▶ _Problem to work on_: Take the line containing "baby grapes coming in" and every line after it to the end of the material below; reproduce them exactly, without pictures.

+ + + + +

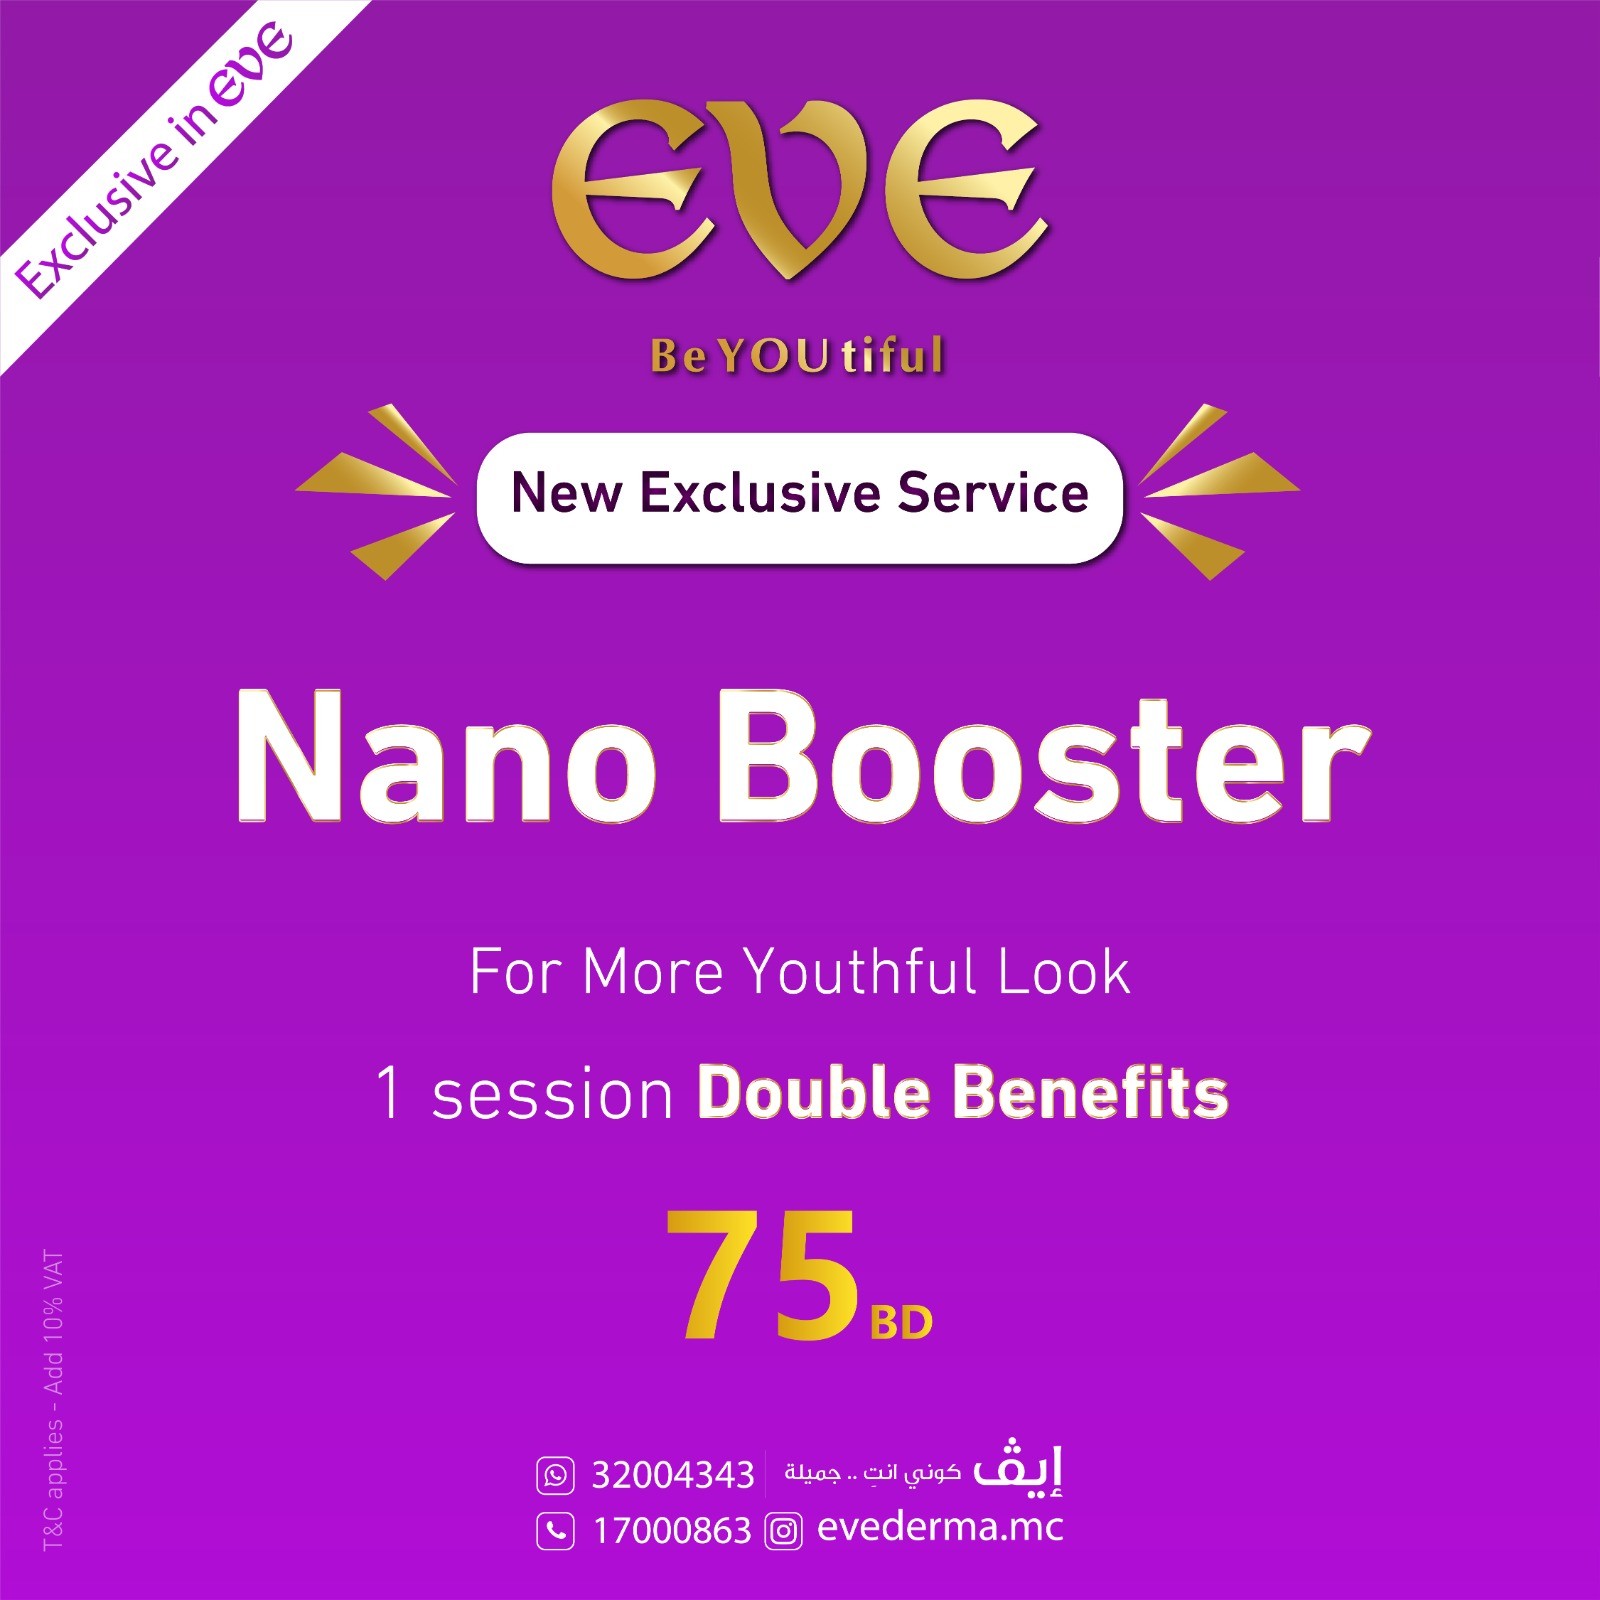 Nano Booster NEW Exclusive Service in EVE ONLY
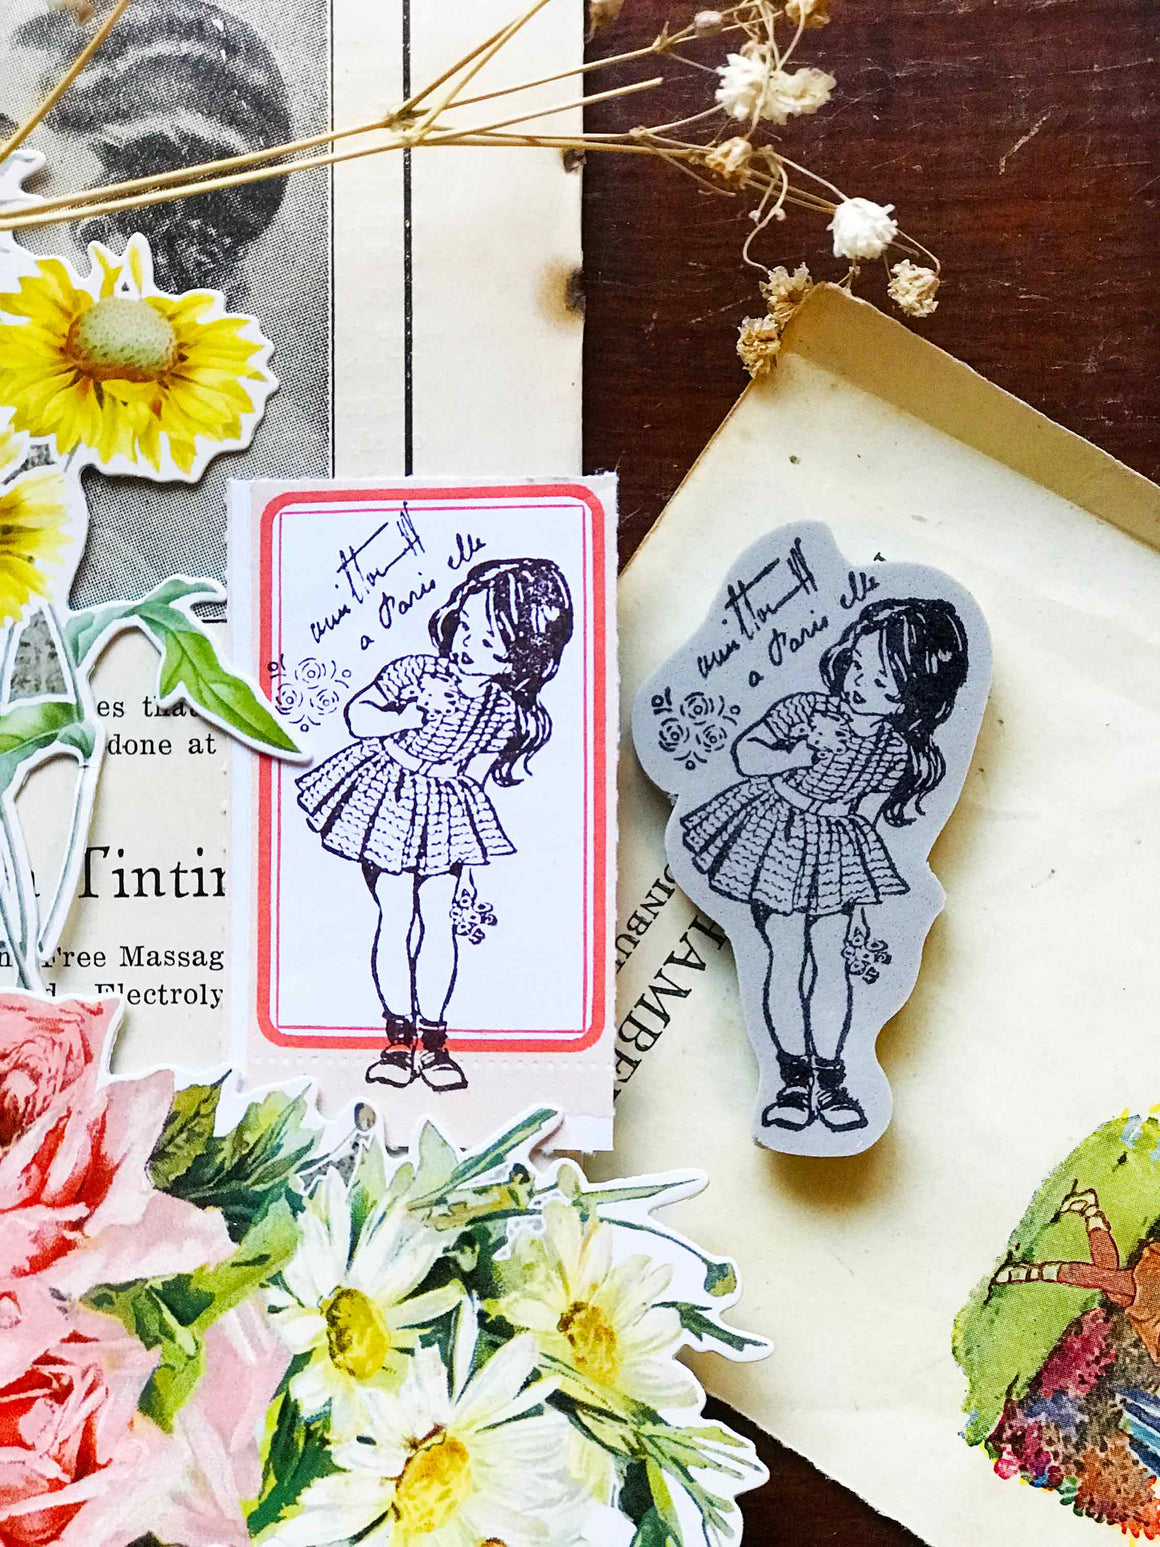 Paris Elle’ (flower girl series) Rubber Stamp by Mic Moc (花束の女の子) from micmoc.com
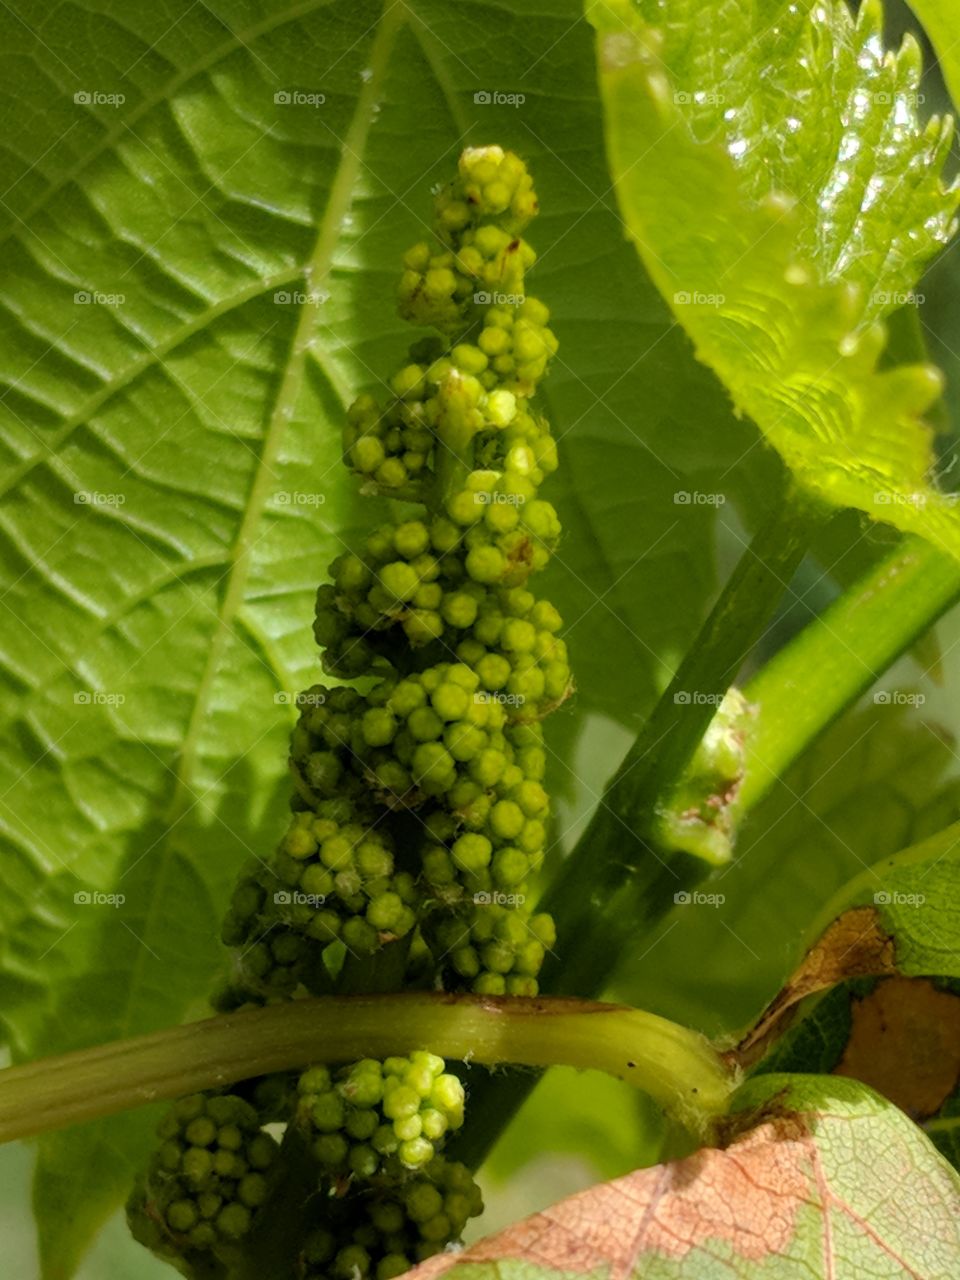 baby grapes coming in
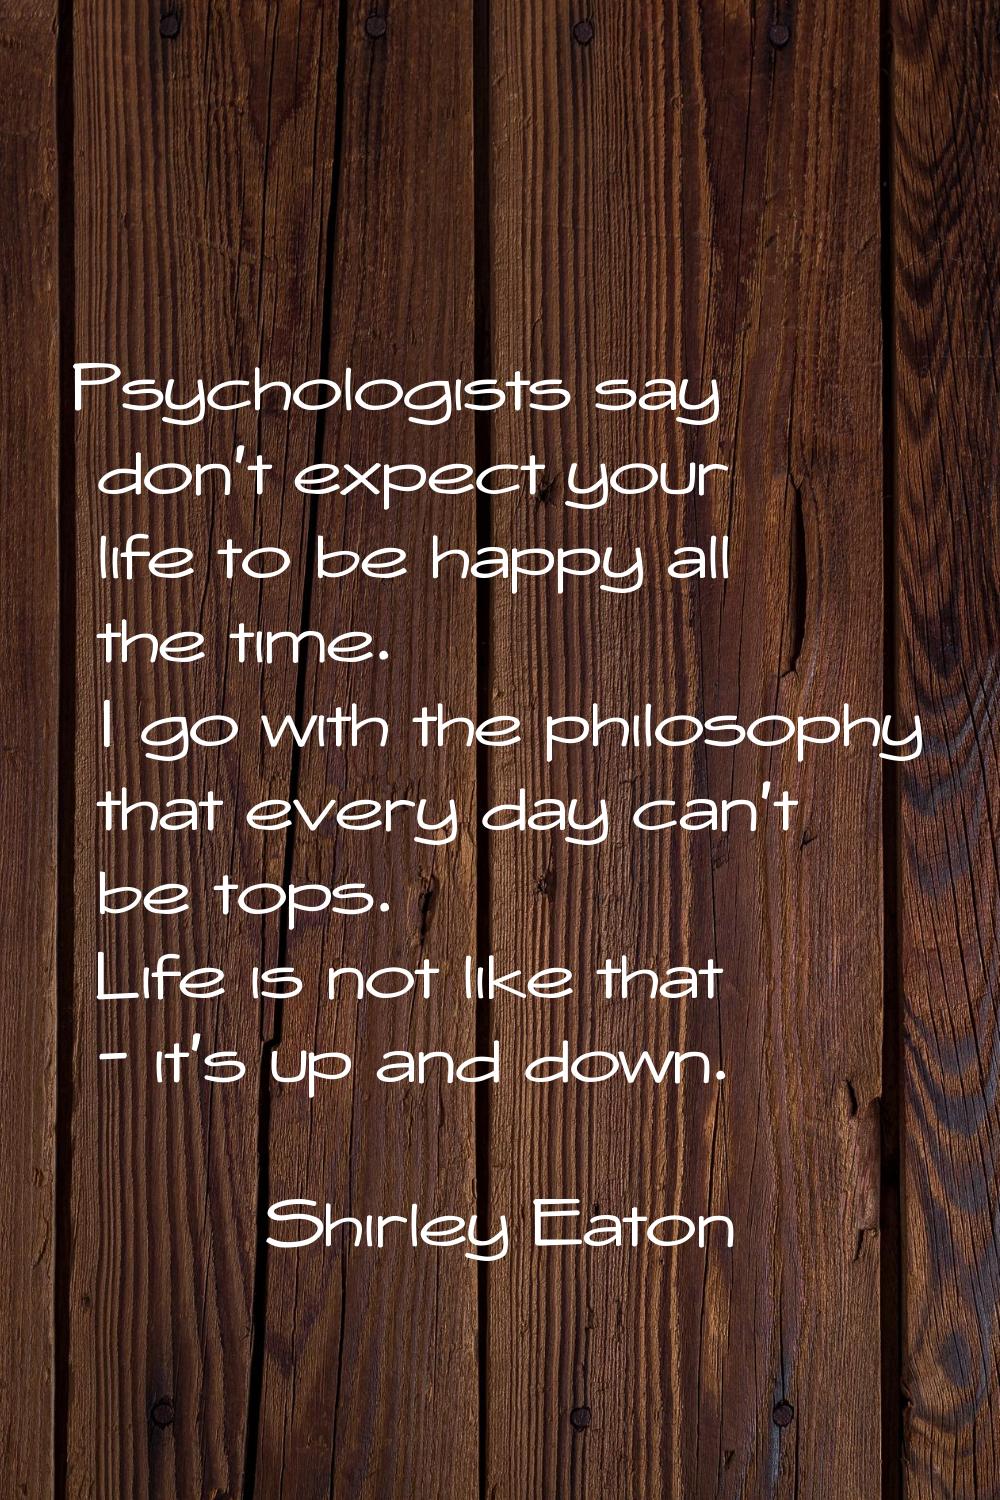 Psychologists say don't expect your life to be happy all the time. I go with the philosophy that ev
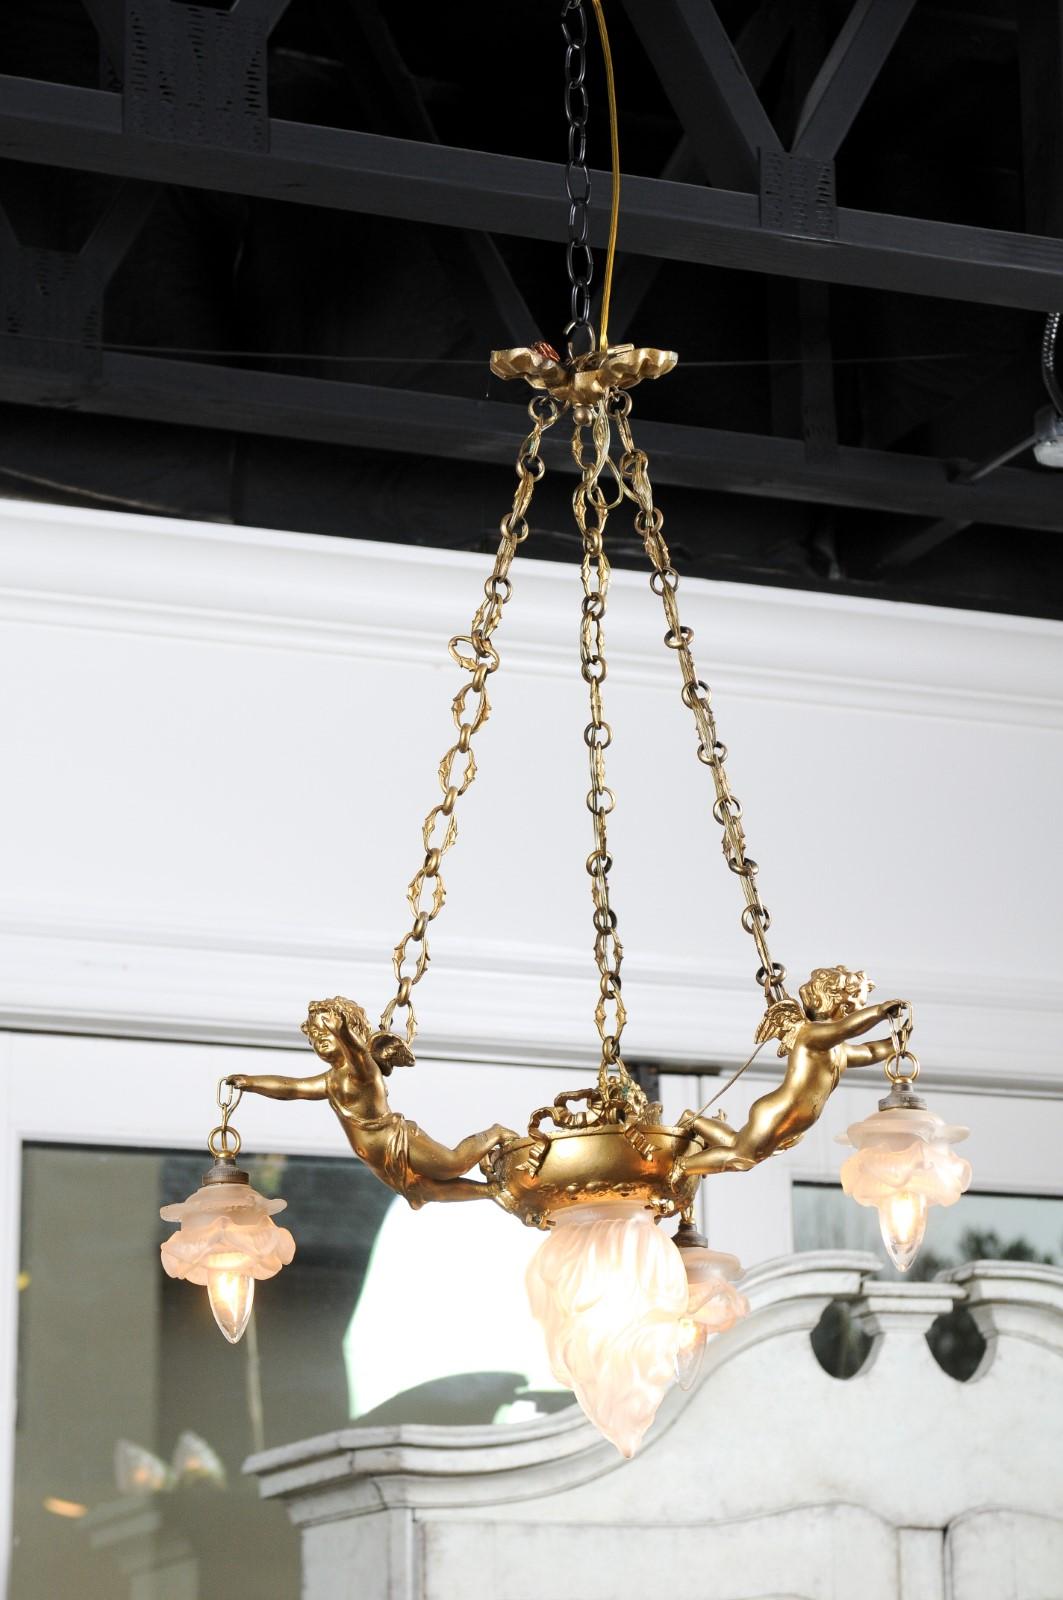 French 19th Century Gilt Metal Chandelier with Three Cherubs Holding the Lights For Sale 2

+ + + + +

▶ _Result of this task_:
 baby grapes coming in
 Psychologists say don't expect your life to be happy all the time. I go with the philosophy that ev
 French 19th Century Gilt Metal Chandelier with Three Cherubs Holding the Lights For Sale 2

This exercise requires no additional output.